Adolph Tidemand and Hans Gude's Brudeferd in Hardanger
 After the National Gallery, we walked around Oslo, especially the famous Karl Johnans Gate where there are many shops, restaurants, and interesting buildings.  I bought a few souvenirs and then walked over to the new Opera House, which has won several architectural design awards.  It was pretty impressive.  Even the bathrooms were interesting.  The building has a series of ramp roofs that reach ground level, so you can reach the top without going inside the building and taking an elevator or stairs.  It was much nicer than a picture can depict.

Trolls in Oslo

Climbing the Opera House to the top; below is the view from the top

Holmenkollen Ski Jump
The next item on the agenda was to take the metro and bus up to Holmenkollen, the ski jump that was used for the 1952 Olympics.  My father says he attended those Olympics, by the way.  The ski jump has evolved over the years, starting in the late 1800s.  When we went, there was a bit of construction, as they have had to make the jump higher to keep up with the times.  But the view from the top was still as beautiful as ever.  The ski museum is small but cute.  They also have some very old skis from around 600 AD.  Part of the exhibit focuses on the first Norwegian king and his family after Norway gained its full independence in 1905.

My next blog post will focus much more on some family history, since yesterday I met with some relatives I had not met before.  And today I am going to visit some cemeteries; so stay tuned!


  1. An absolutely enchanting blog! You do such a great job with your pictures and descriptions, very enjoyable!

  2. Hi Astrid, It is so very interesting to read about your journey! It must be an amazing trip!
    I hope you get many nice memories, meet many nice and friendly relatives and other persons, and may see exciting places!

  3. You really captured so much in such a short space here. The old buildings look like something out of a movie set. And those trolls. I recall a local merchant in our neighbourhood when I was a little girl who had a few in her storefront windows. I was completely enchanted by them.

  4. I enjoyed your post very much! I am hoping to make a trip to Norway/Sweden next year. What has the temps been in Norway since you have been there? Looking forward to the next post!

  5. As I often say, I am so lucky to be in the company of world traveling geneabloggers so I can have the best of the best tour guides on my vicarious travles. thanks.

  6. I don't even have any ancestors in Norway, but have always wanted to go there; now your post and pictures have intensified that wish!

  7. Norway is so beautiful. I haven't yet seen an ugly spot! The weather has been highs of close to 70 and lows in the 50s; however, it has felt much warmer, perhaps because we haven't had much wind or humidity.

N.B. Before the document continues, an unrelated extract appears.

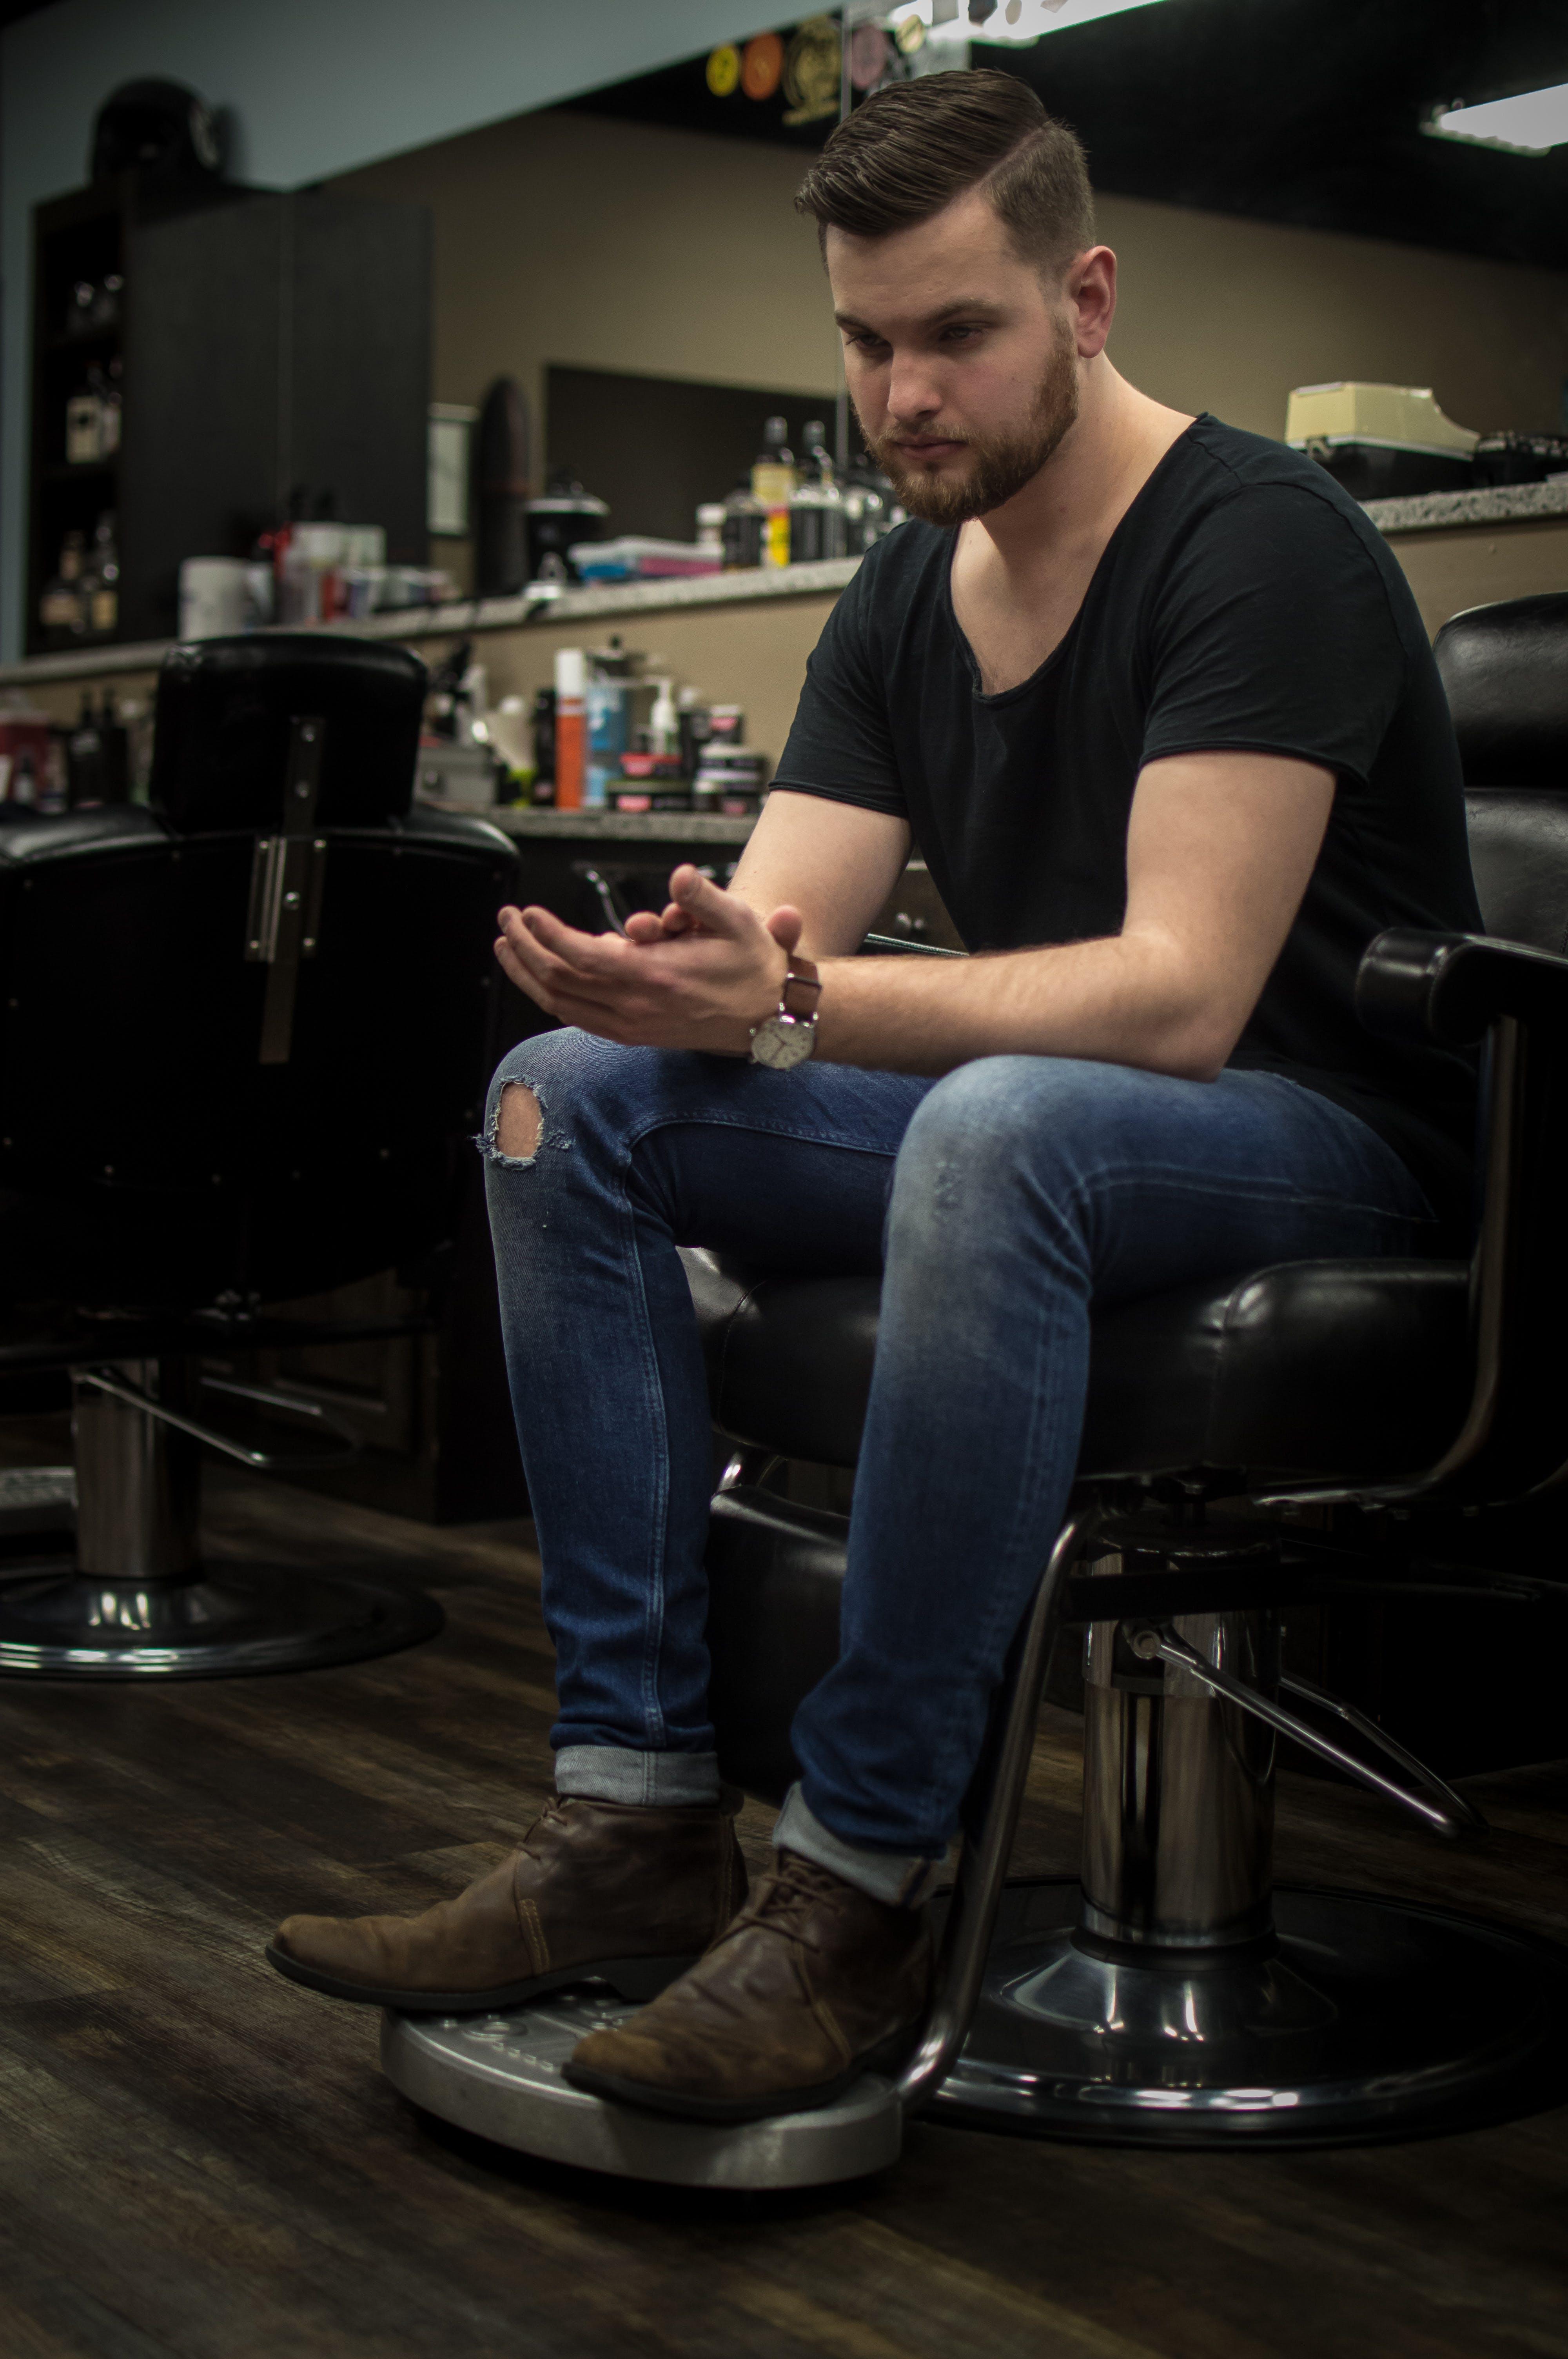 Free stock photo of barber, barbershop

Everyday they forecast rain, but although there has been a sprinkle here and there, it has been pretty nice. For those of you who wish to visit, keep in mind that weather is generally unpredictable. One tip, though, is that I usually prefer late June to early July in Norway, and if you really want to see the midnight sun, that is the best time to do it. Thanks for all the comments!!!

  8. Astrid, the house in which bestemor was born is actually the third from the left in your picture, counting the larger house on the left.


  9. The Norwegian Folk Museum looks fascinating. I would love to visit there!